This is the Sunday Edition of Paging Dr. Lesbian. If you like this type of thing, subscribe, and share it with your friends. Upgrade your subscription for more, including weekly dispatches from the lesbian internet, monthly playlists, and a free sticker.
There’s one academic field adjacent to queer theory that I’ve neglected to cover in this newsletter – certainly to the detriment of my own analysis – and that’s crip theory. Crip theory is an intervention in and around disability studies and queer theory that aims to highlight the overlap between the two fields, suggesting both an analytic and activist way forward. Robert McRuer’s 2006 book Crip Theory: Cultural Signs of Queerness and Disability, is one of the foundational texts of this field.

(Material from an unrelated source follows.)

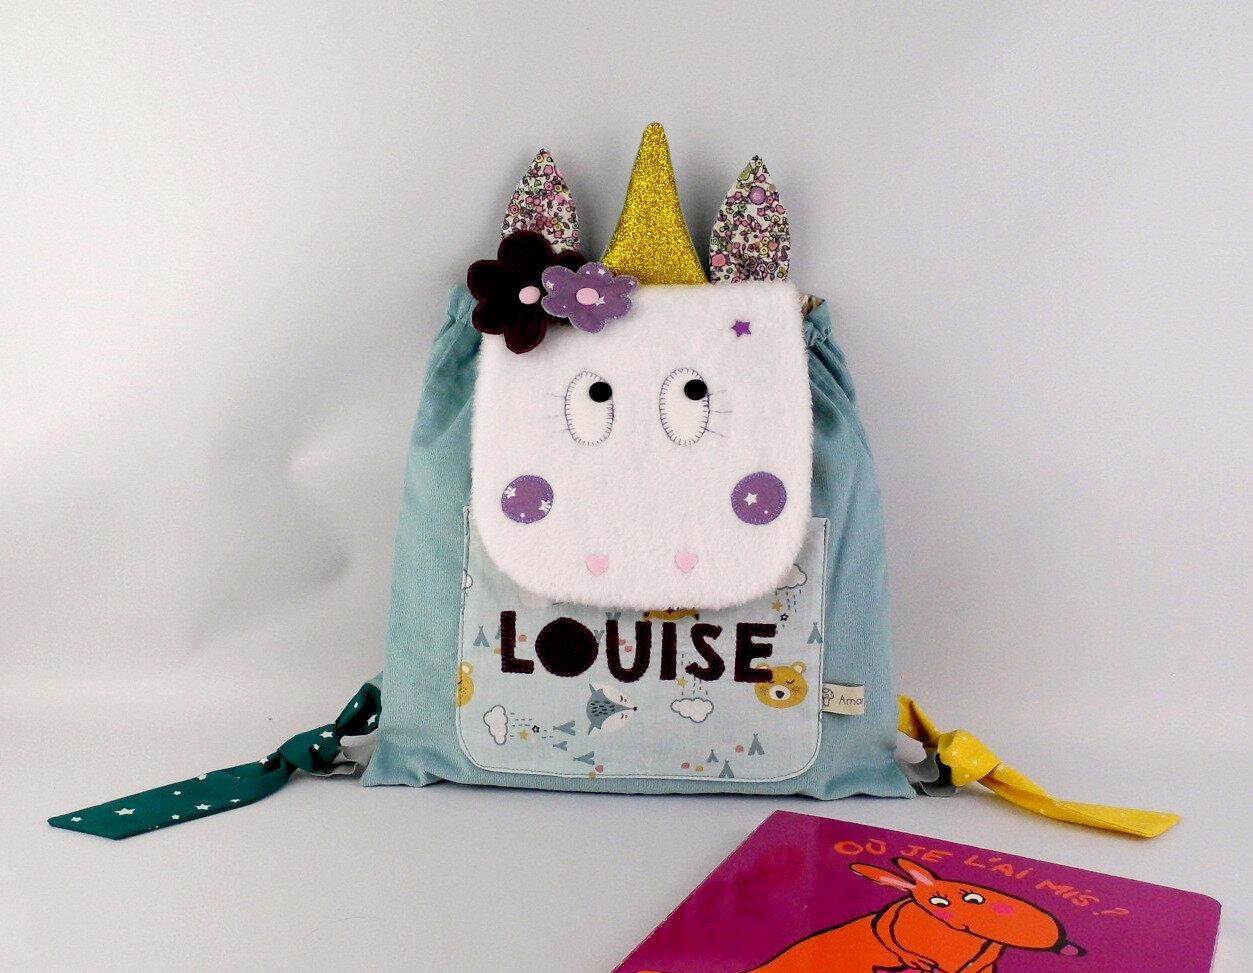 Sac à dos bébé personnalisé Louise cartable maternelle licorne mauve violet bleu cadeau naissance baptême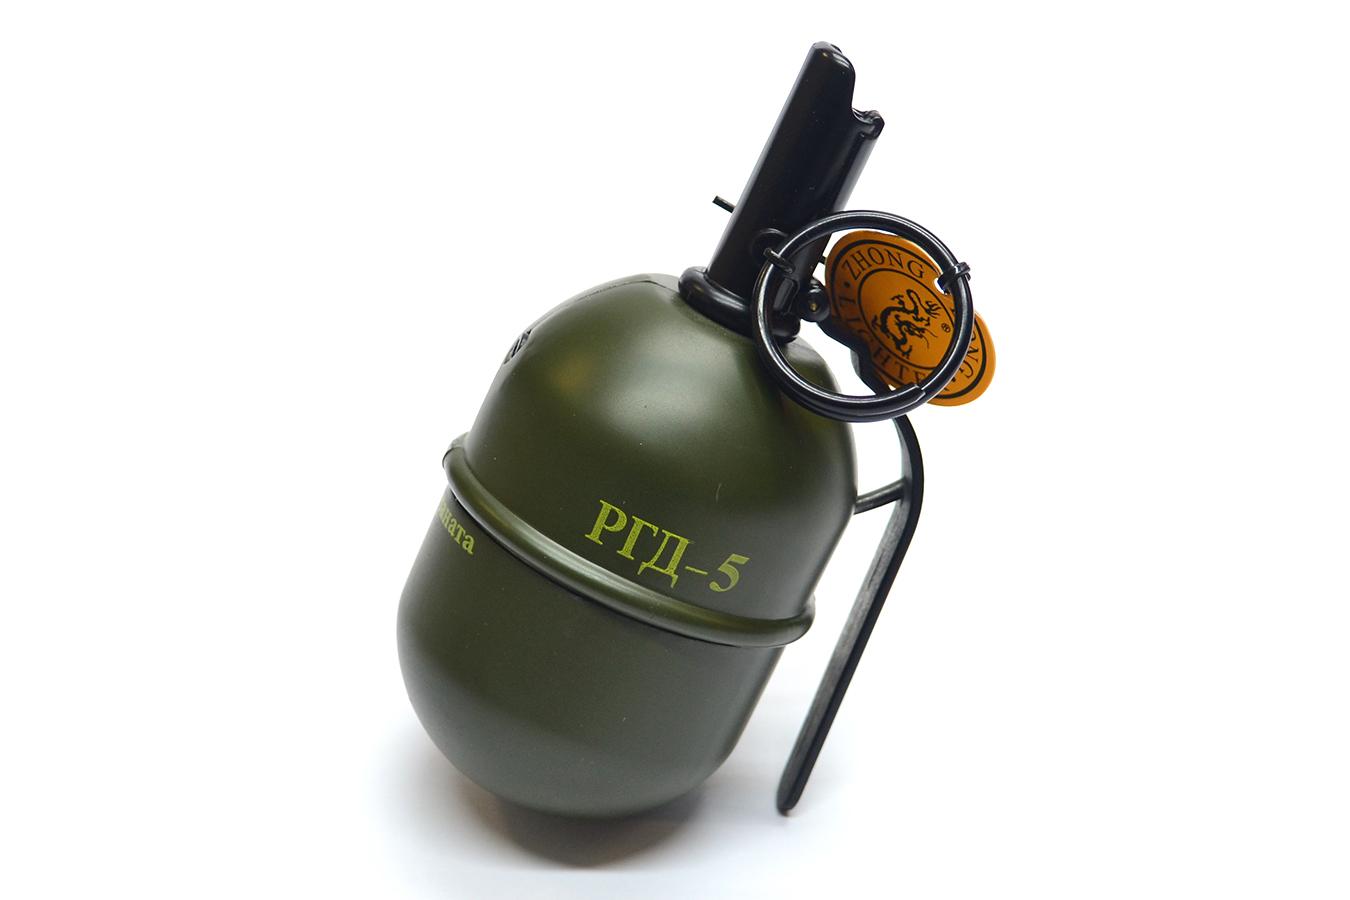 Зажигалка граната РГД-5 изображение 0

McRuer’s proposes the concept of compulsory able-bodiedness, which is similar to the queer theory of compulsory heterosexuality. In fact, McRuer argues that the systems of compulsory able-bodiedness and compulsory heterosexuality are intertwined, and that they rely on one another to function. Like compulsory heterosexuality, compulsory able-bodiedness also demands displays (ie. performances) of ability in a way that shores up this pre-ordained system. As McRuer writes, “A system of compulsory able-bodiedness repeatedly demands that people with disabilities embody for others an affirmative answer to the unspoken question, “Yes, but in the end, wouldn’t you rather be more like me?”
Both of these systems function as a part of neoliberalism, which centers on the “unrestricted flow of corporate capital.” Neoliberalism can subsume diversity within it as long as it aligns with the goals of privatization and the growth of the free market. Indeed, as McRuer suggests, “Neoliberalism and the condition of postmodernity, in fact, increasingly need able-bodied, heterosexual subjects who are visible and spectacularly tolerant of queer/disabled existences.” Able-bodied, heterosexual subjects are celebrated for their flexibility, while disabled, queer subjects must merely comply.
As in queer theory, the term “crip” – shortened from “cripple,” most often used as a slur or a pejorative – can be both a verb and a noun. “To crip” has a similar disruptive emphasis as “to queer.” In her 2003 article “Queer The Crip Or Cripping The Queer?”, Carrie Sandahl writes that “Cripping spins mainstream representations or practices to reveal able-bodied assumptions and exclusionary effects.” Analyzing queer, disabled autobiographical performance, Sandahl makes explicit the connection between the two practices. “Both queering and cripping expose the arbitrary delineation between normal and defective and the negative social ramifications of attempts to homogenize humanity, and both disarm what is painful with wicked humor, including camp.”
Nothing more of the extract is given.